I am presuming at a time of layoffs and redundancies Colenso have decided to focus their budgets on retaining staff rather than winning awards? (For context, I would judge from the DDB entry numbers that they have spent around $20,000 on entries to this one award show alone).
So, yeah, win some awards or ensure you can keep more of your staff earning a salary. Feels like it should be an easy choice when you put it like that?
Is this the one award show you should be entering? To prove your work works?
100% agree
Wish they came out and acknowledged so.the price of awards is crazy.
If that was true why have Colenso retrenched so many more people than DDB?
Saying Colenso has behaved responsibly when it comes to entering too many awards is the funniest comment ever written on Campaign Brief.
Colenso haven’t entered because they can’t. A rotating door at the top of the strat team (….. shuffled off quietly, …. the same, …. lasting all of 3 months), plus clients are leaving or pulling back all over the place – Fonterra gone to True, BNZ cancelled retainers, Spark going down the programmatic/digital rabbit-hole, and when was the last tine you saw something for V? If you don’t have the work, you don’t enter.
I think Hat was saying that given all the redundancies Colenso has had to make it wouldn’t be a great look to be dropping $20k on award entries. No one would argue that not spending that on one award show would save on job but it sure shows those who lost their jobs, took pay cuts etc some respect.
Pretty clear DDB is killing it with so many new business wins etc so you can understand why they continue to storm ahead of the pack significantly.
Maybe their clients have been hit harder by the downturn. And therefore, there is even more reason for them to not be spending thousands of $’s on award entries.
I mean, this is pretty simple to understand, but sadly I have neither the patience nor the crayons to try and make this any simpler for you.
@Call it – you stole my clever name.
If I knew who you were I’d do my best to cancel and/or discredit you.
Admittedly I haven’t used my name for a while, but I’m glad you’ve taken my lead and attempted to tell the truth.

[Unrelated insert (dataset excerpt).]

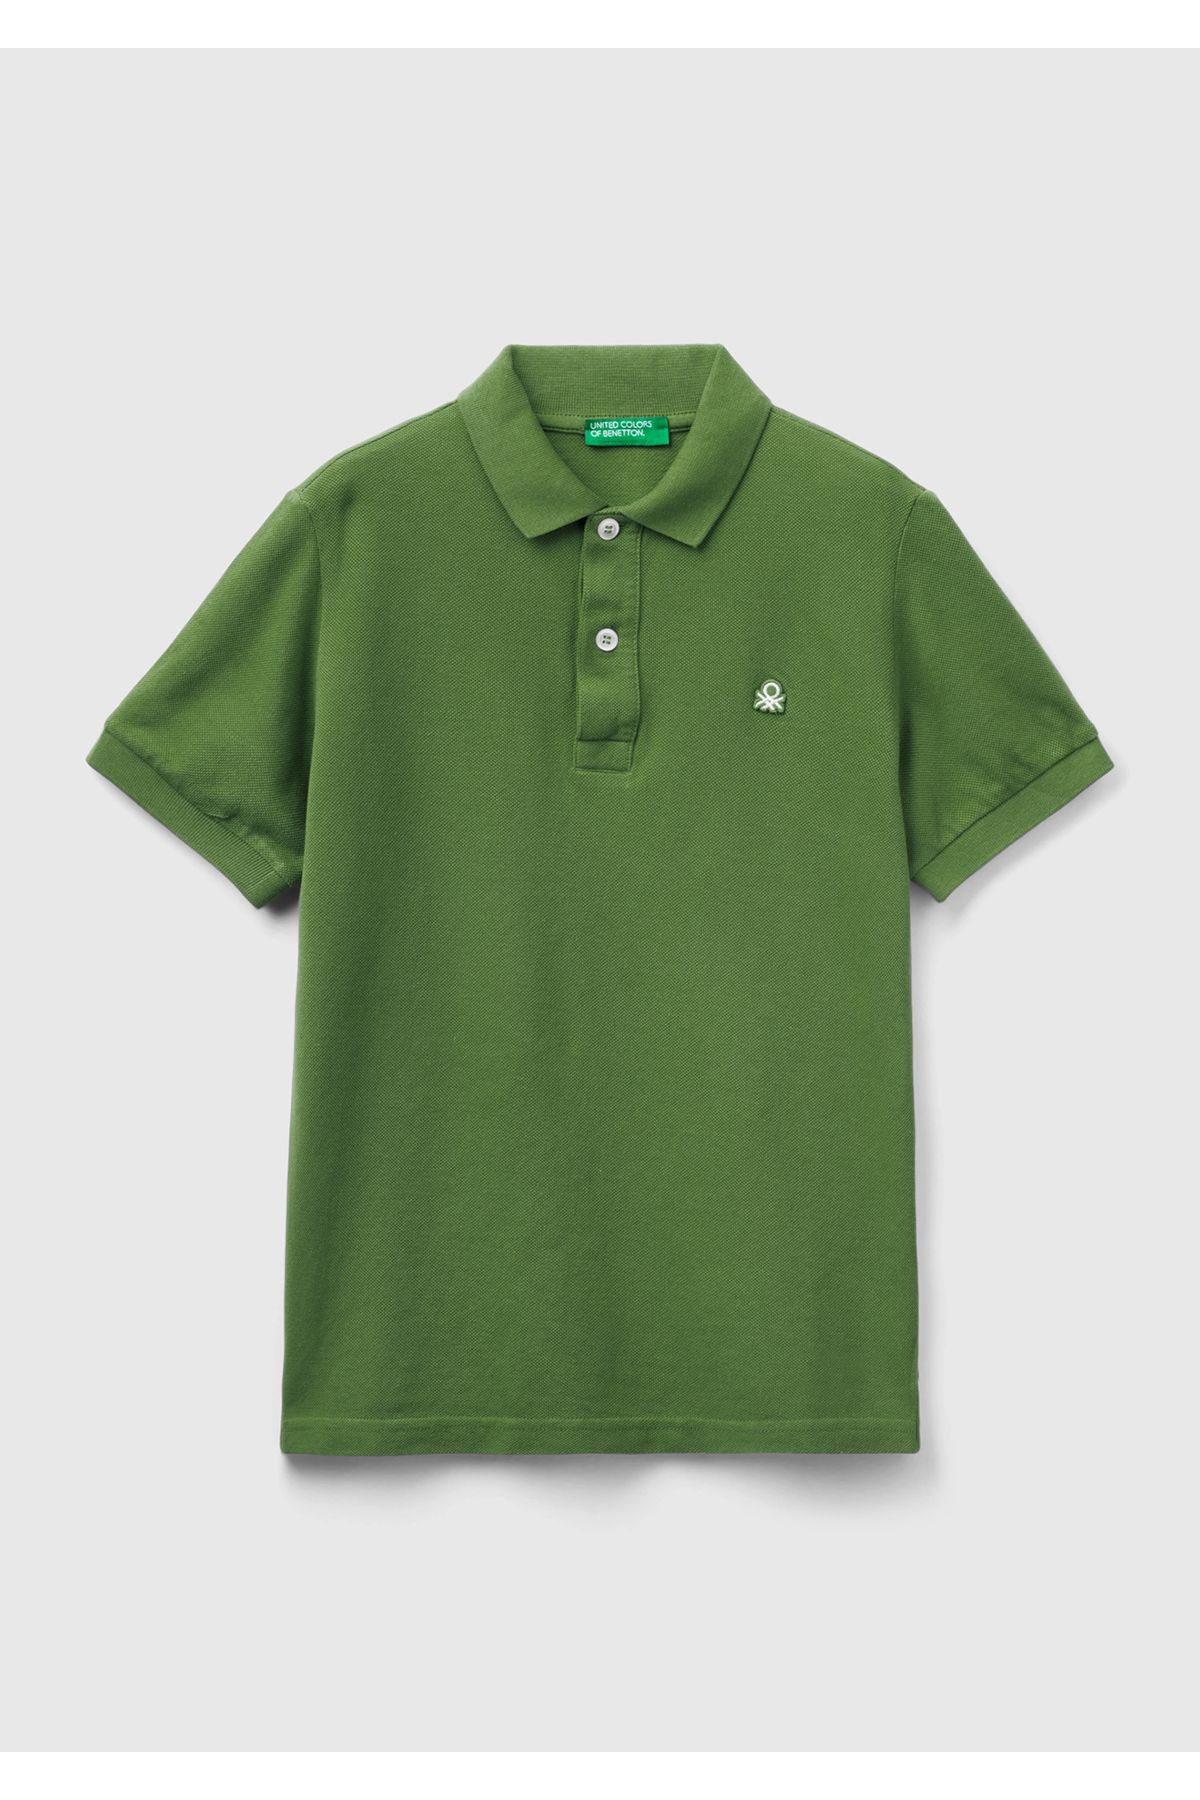 United Colors of Benetton Erkek Çocuk Haki Logolu Pike Polo T-Shirt
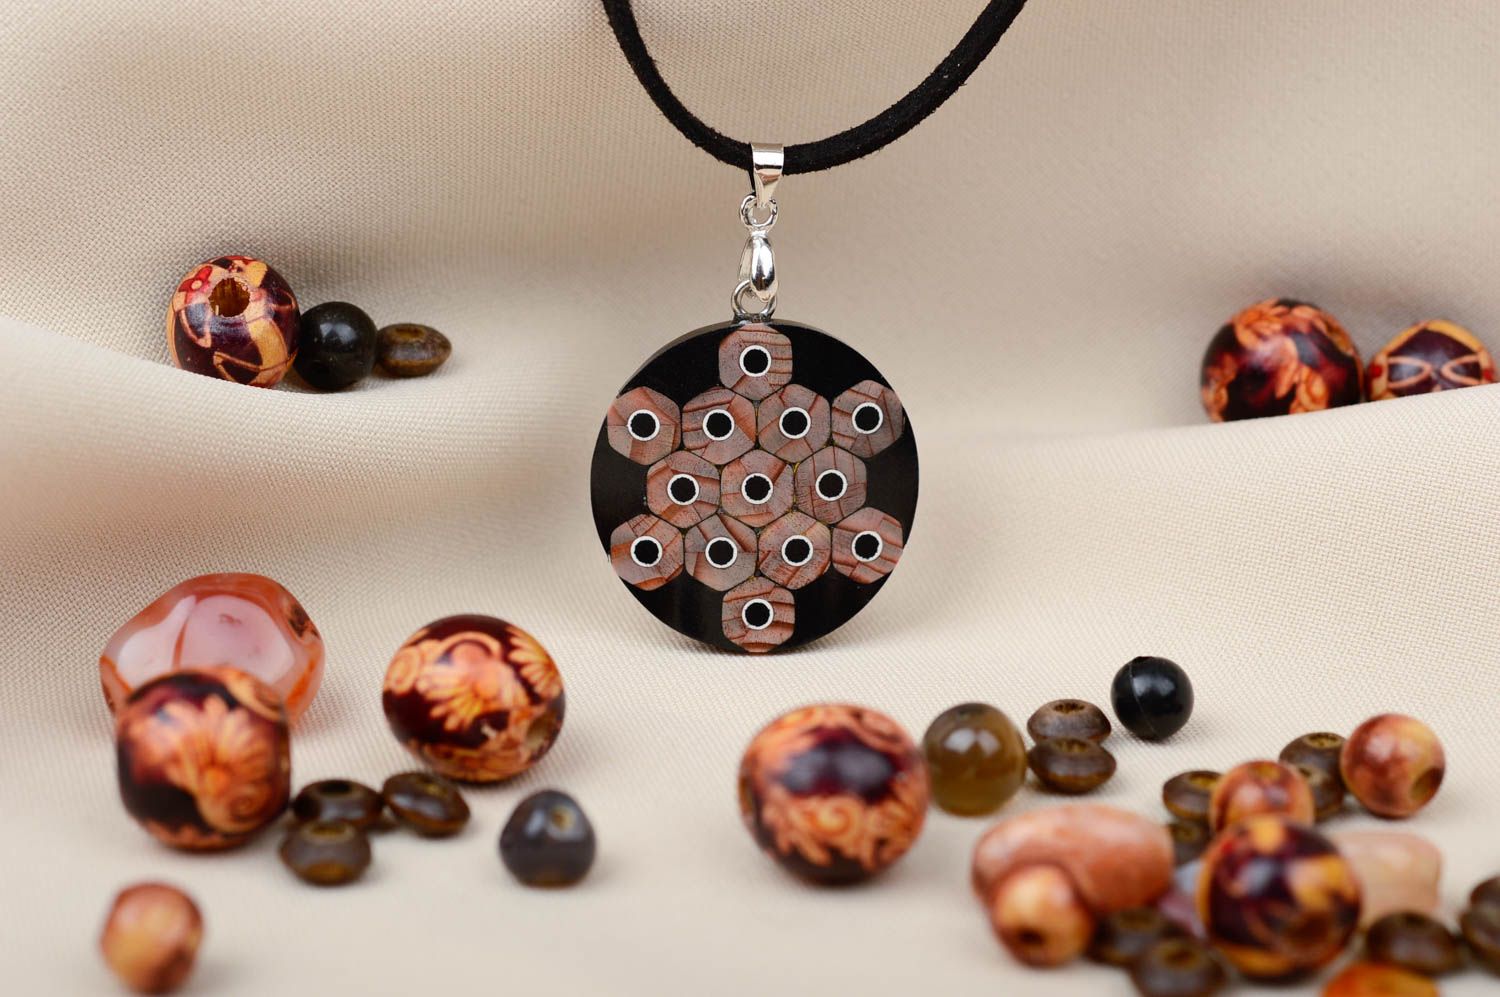 Handmade pendant unusual neck accessory gift ideas wooden pendant designer gift photo 1

As for Fonterra going to True – news to me.
BNZ being on retainer was a good effort but was always going to fail – I still can’t work out that banks point of difference.
Spark – well, that’s run by ex agency people who should know better. Takes a lot to stop my thumb when scrolling. My other issue with the Spark work is that the headline graphic structure always makes them so incredibly hard to read – was it designed by a design company?
As for V. I like the end voice over of Make it happen. Nothing else.
I have no other gripes.
Saying that, been a shite year for adland as it slips further down the client importance chain.
And someone stole my really clever name.
does this mean DDB is guaranteed to win agency of the year because they have the most finalists?